++++ Exercise data

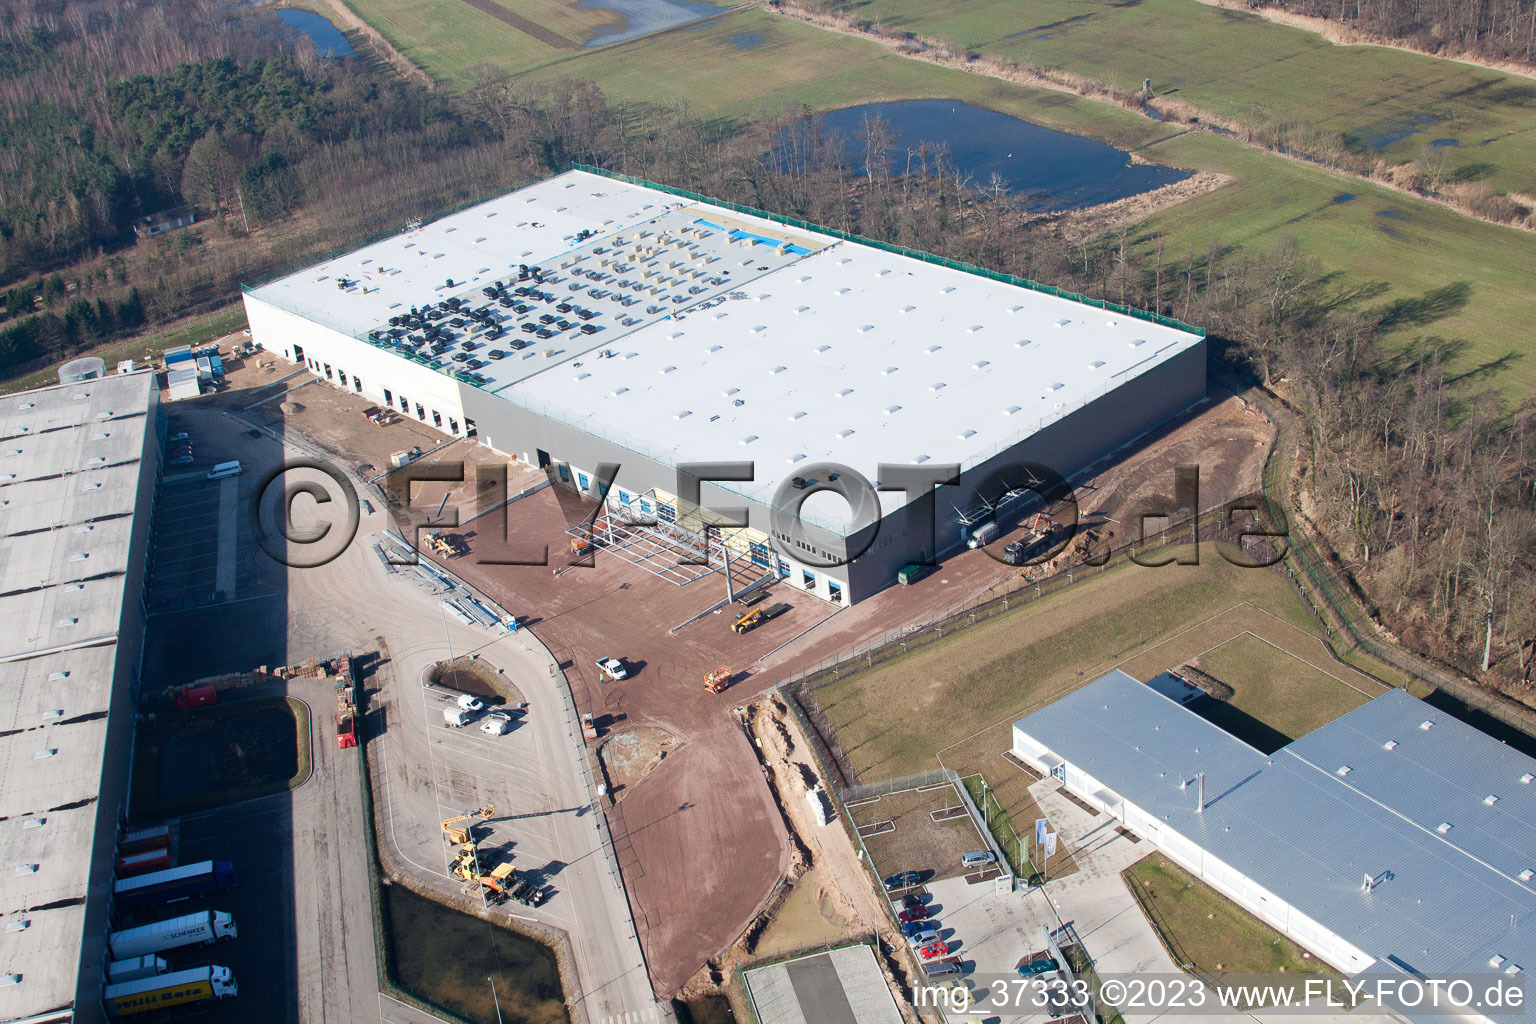 Zone commerciale Horst, 3ème phase de construction Gazely à le quartier Minderslachen in Kandel dans le département Rhénanie-Palatinat, Allemagne hors des airs
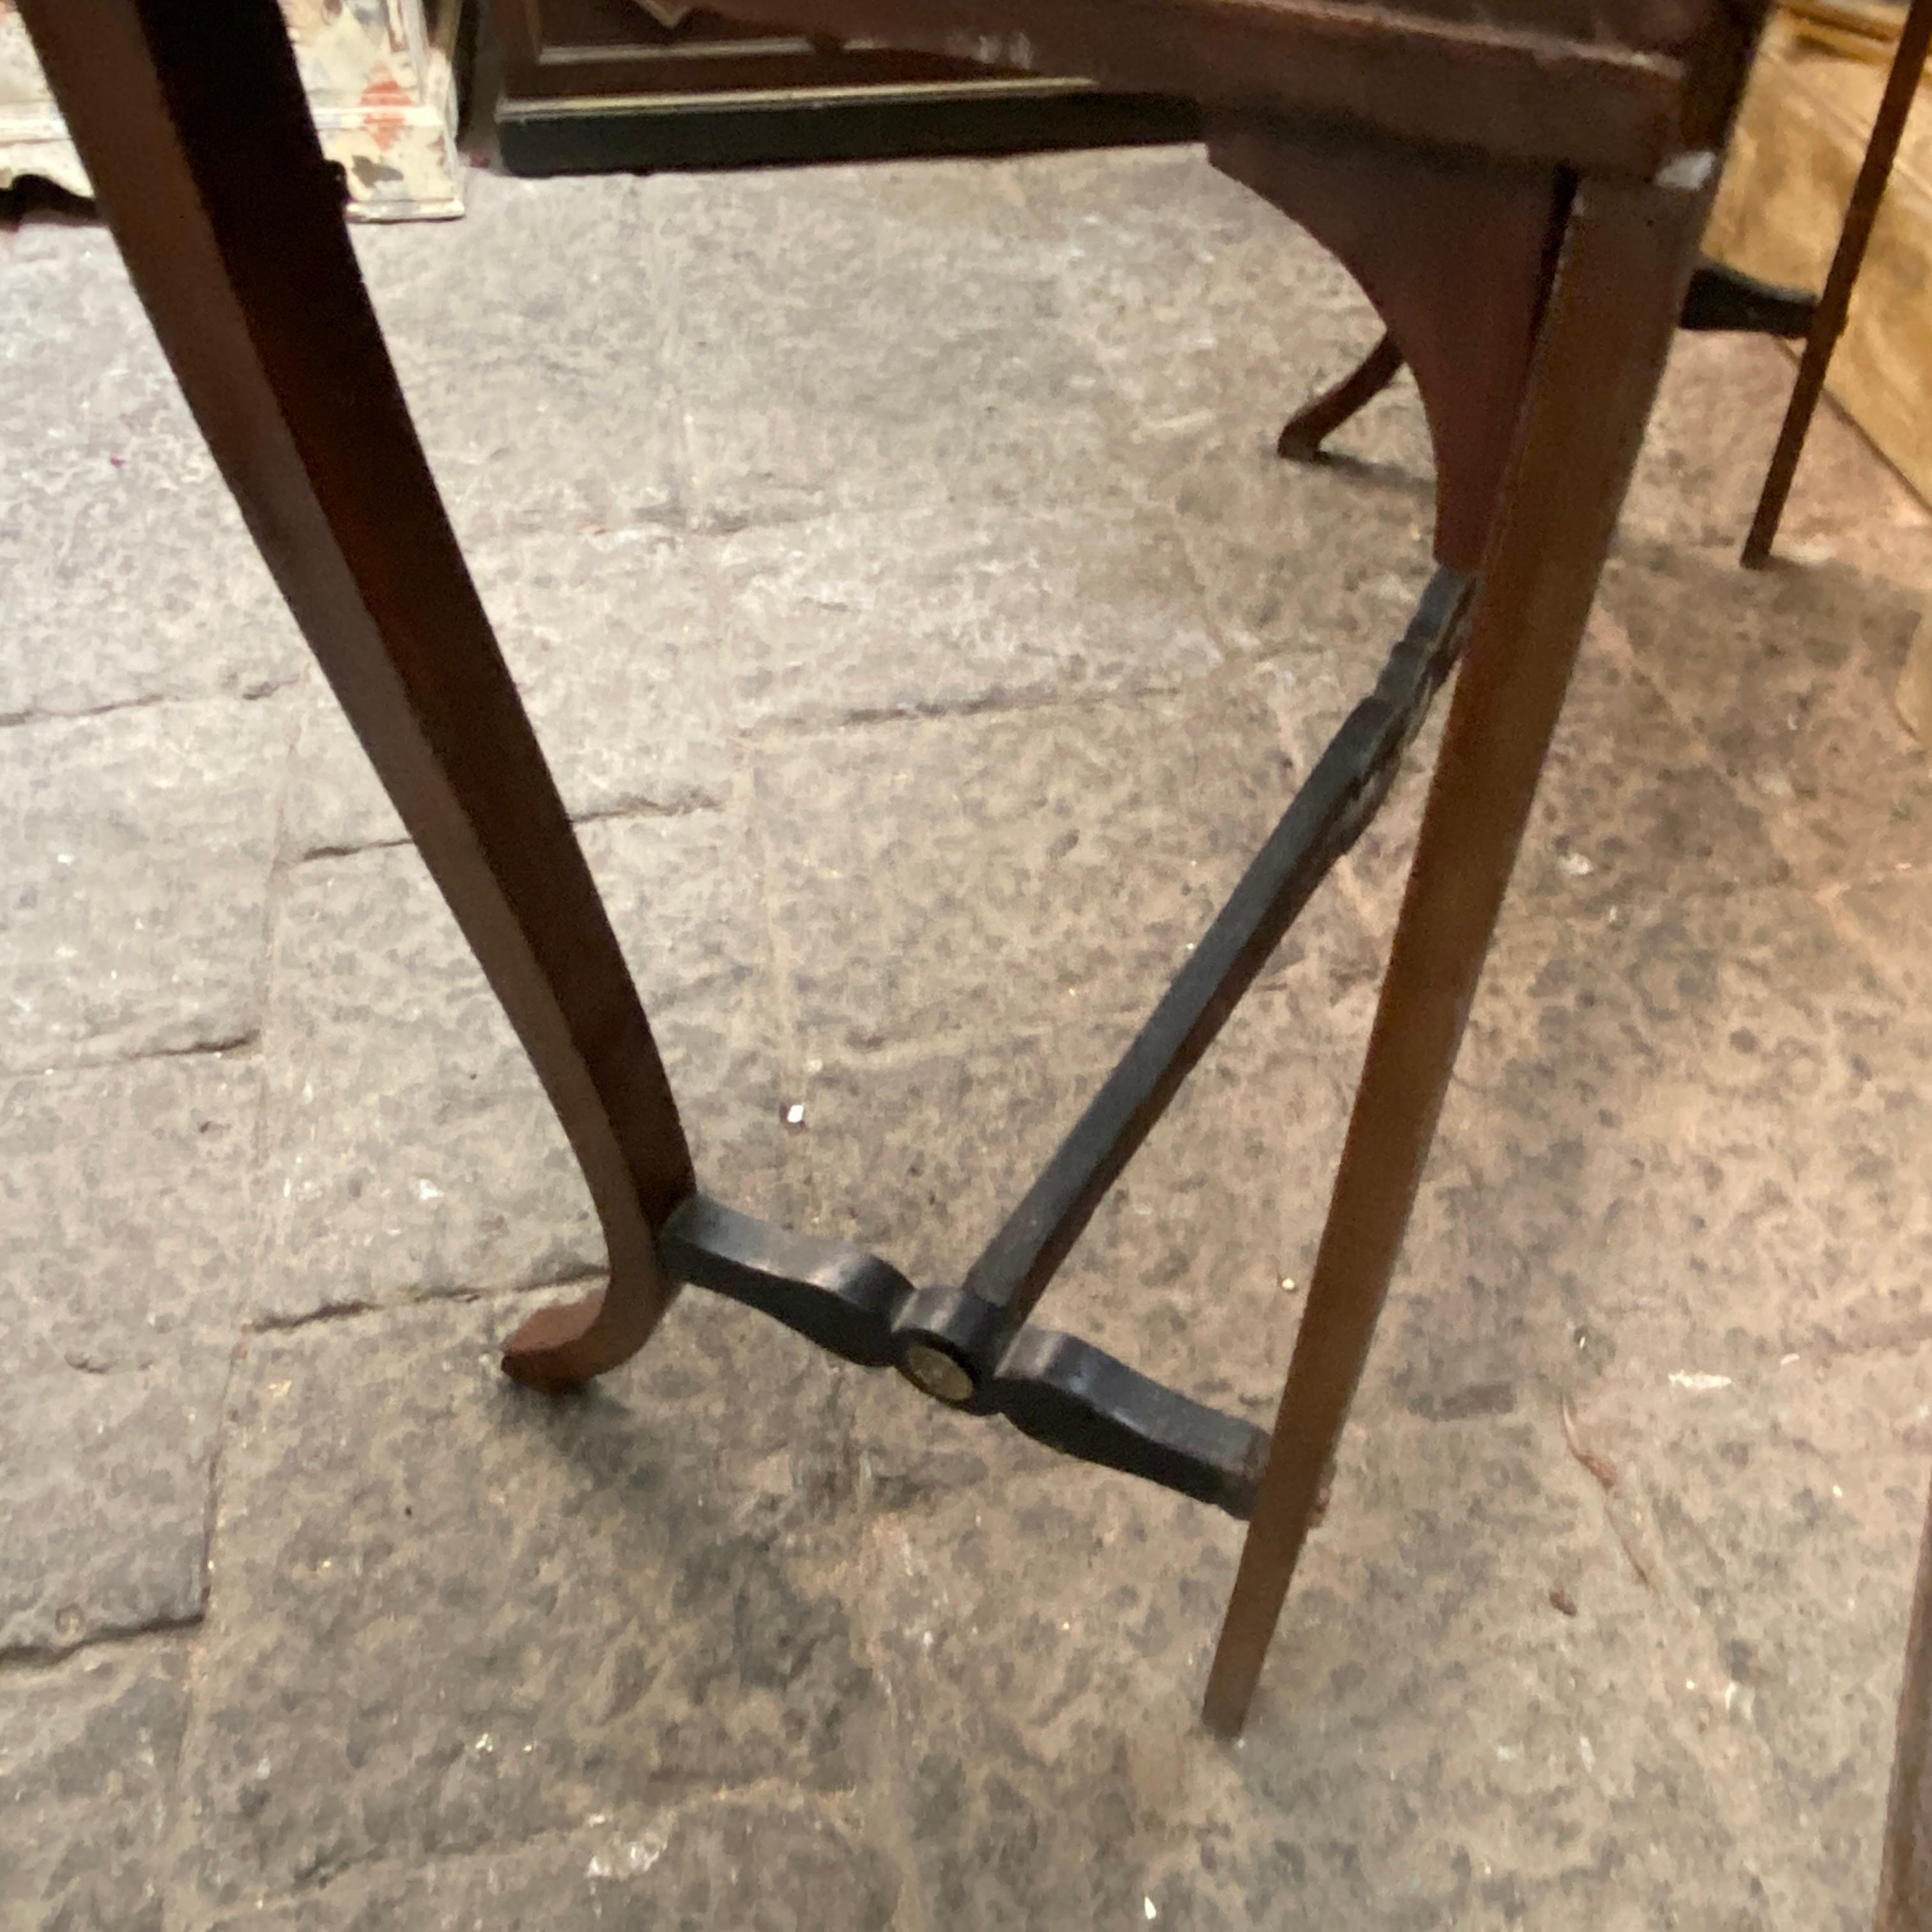 Une console originale en noyer, fabriquée à la main en Sicile dans les années 1820. L'élégance des pieds de sabre est typique de la période Empire comme les frises dorées et les parties noires. Il a probablement été conçu pour une résidence noble.
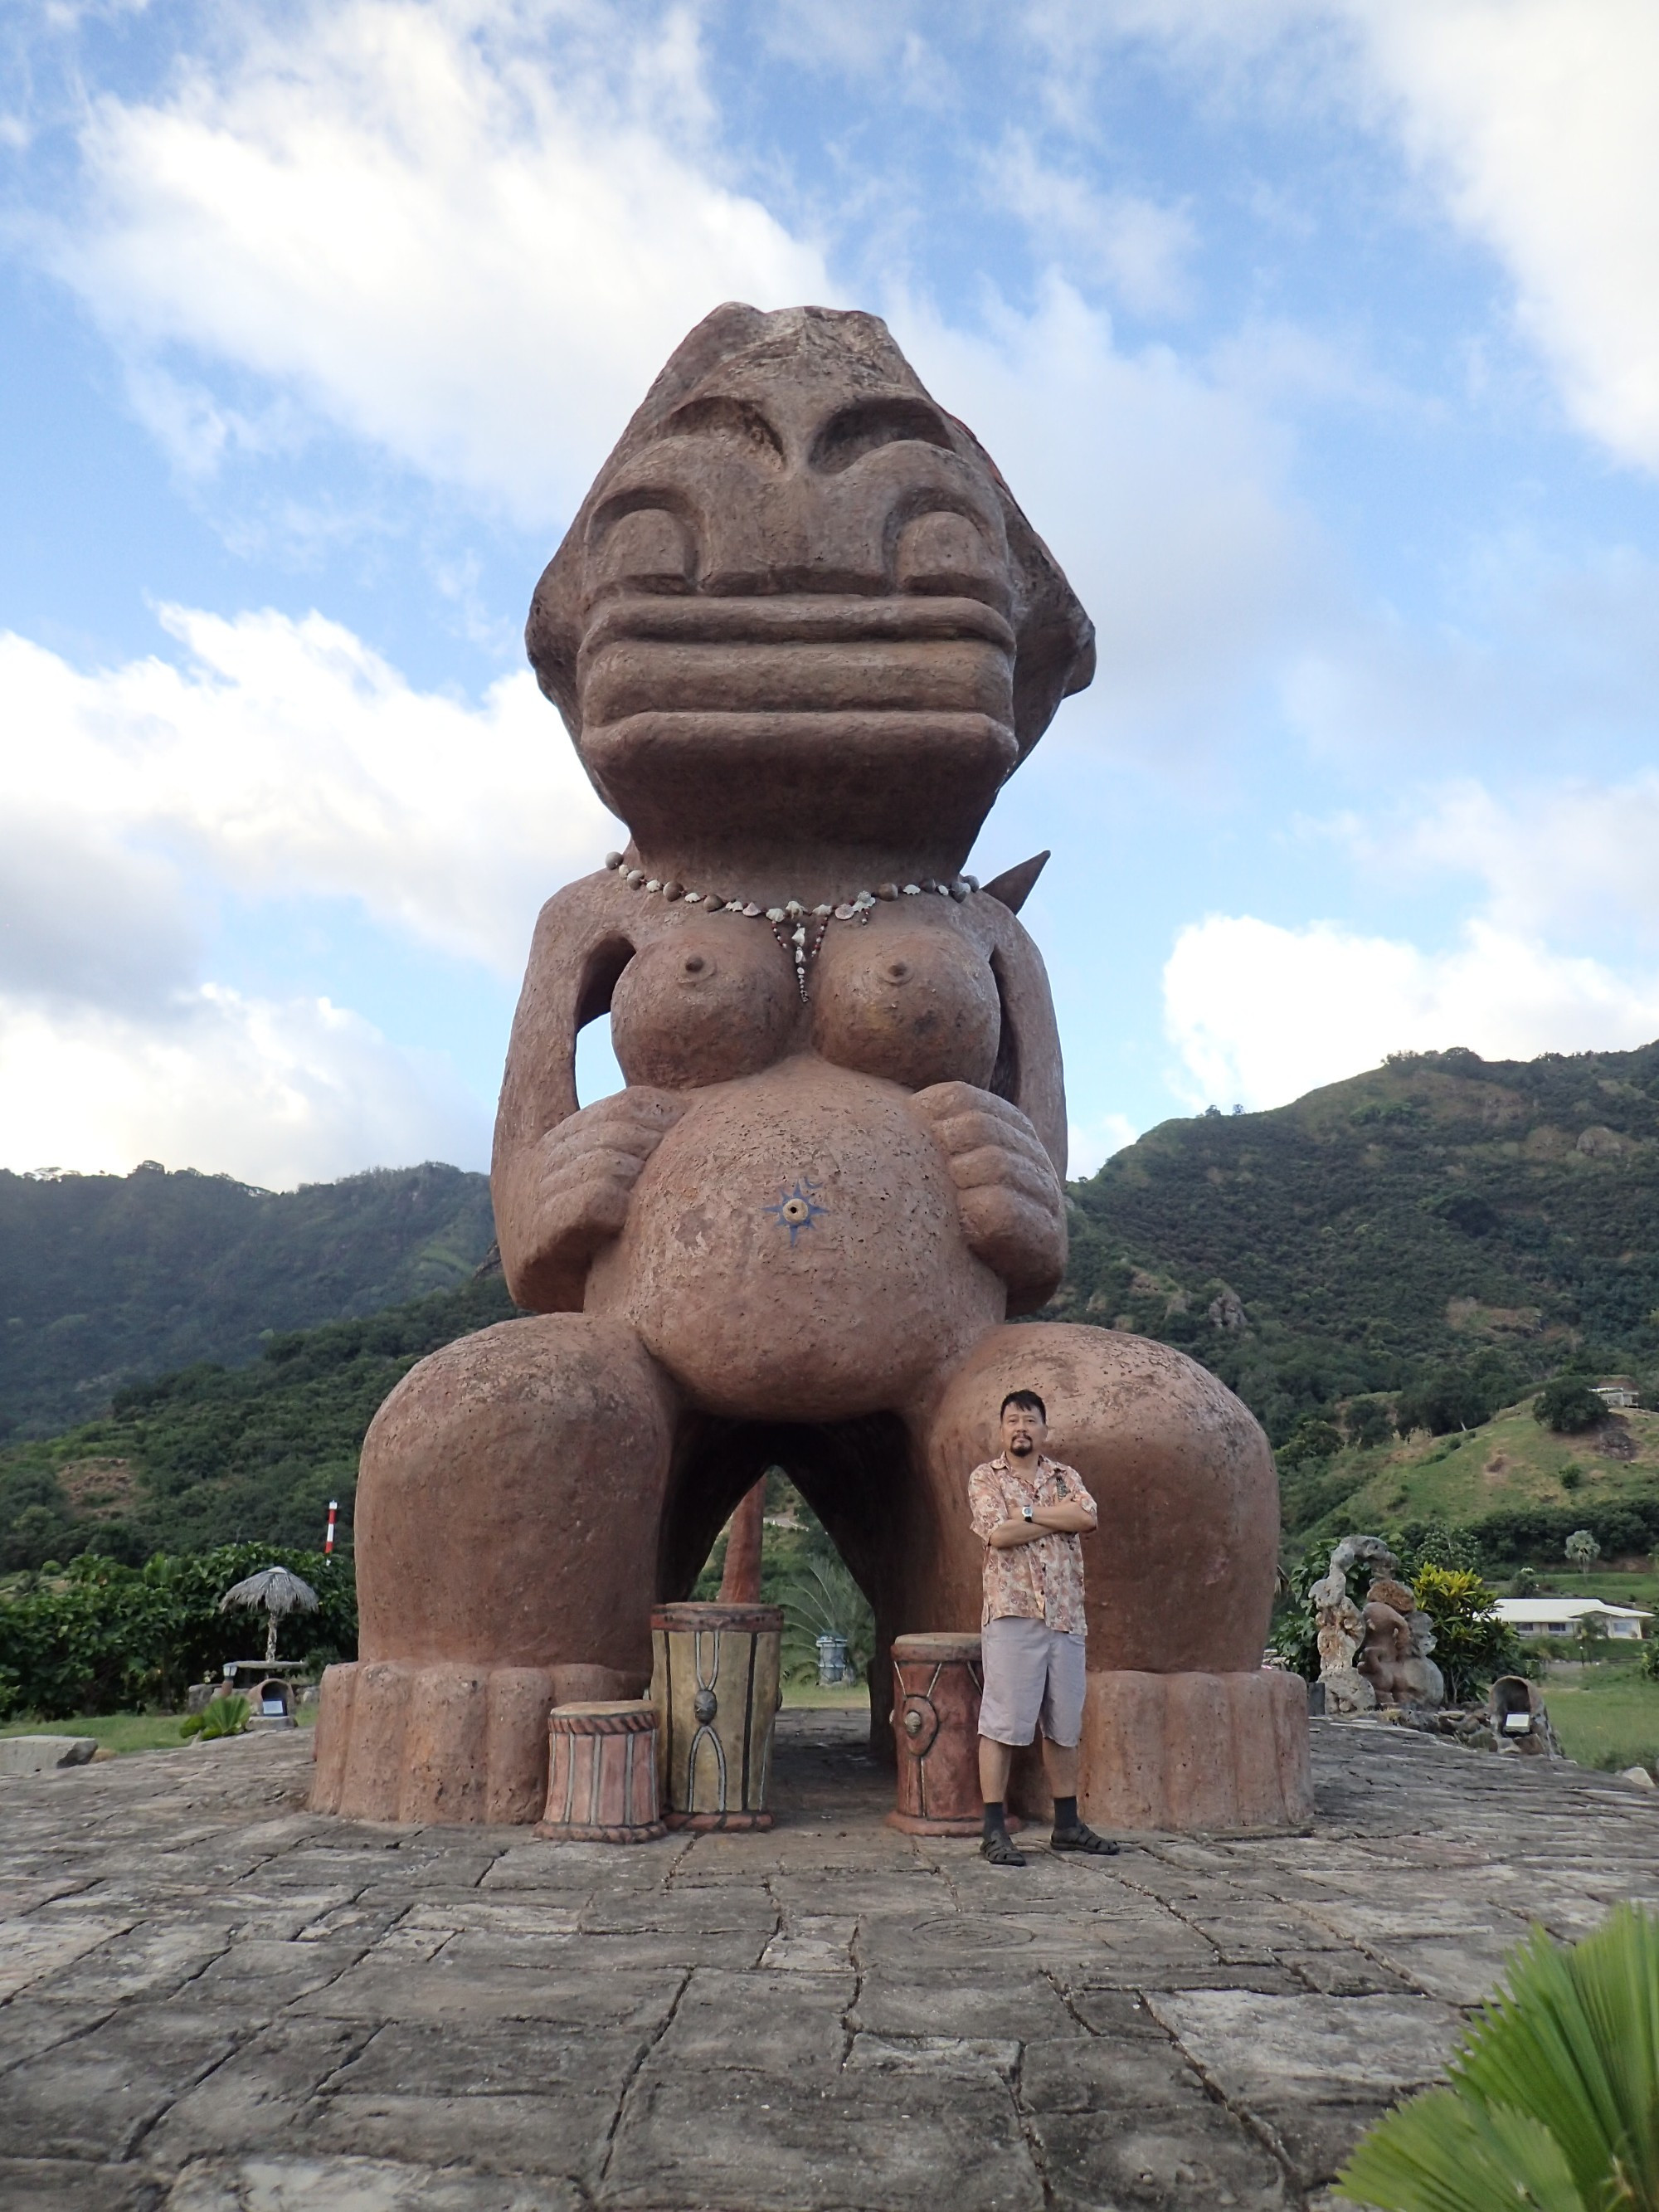 Tiki Tuhiva Giant Statue, French Polynesia

++++++++

Write out all of the data above exactly, pictures excluded.

 Zone commerciale Horst, 3ème phase de construction Gazely à le quartier Minderslachen in Kandel dans le département Rhénanie-Palatinat, Allemagne hors des airs
 Une console originale en noyer, fabriquée à la main en Sicile dans les années 1820. L'élégance des pieds de sabre est typique de la période Empire comme les frises dorées et les parties noires. Il a probablement été conçu pour une résidence noble.
 Tiki Tuhiva Giant Statue, French Polynesia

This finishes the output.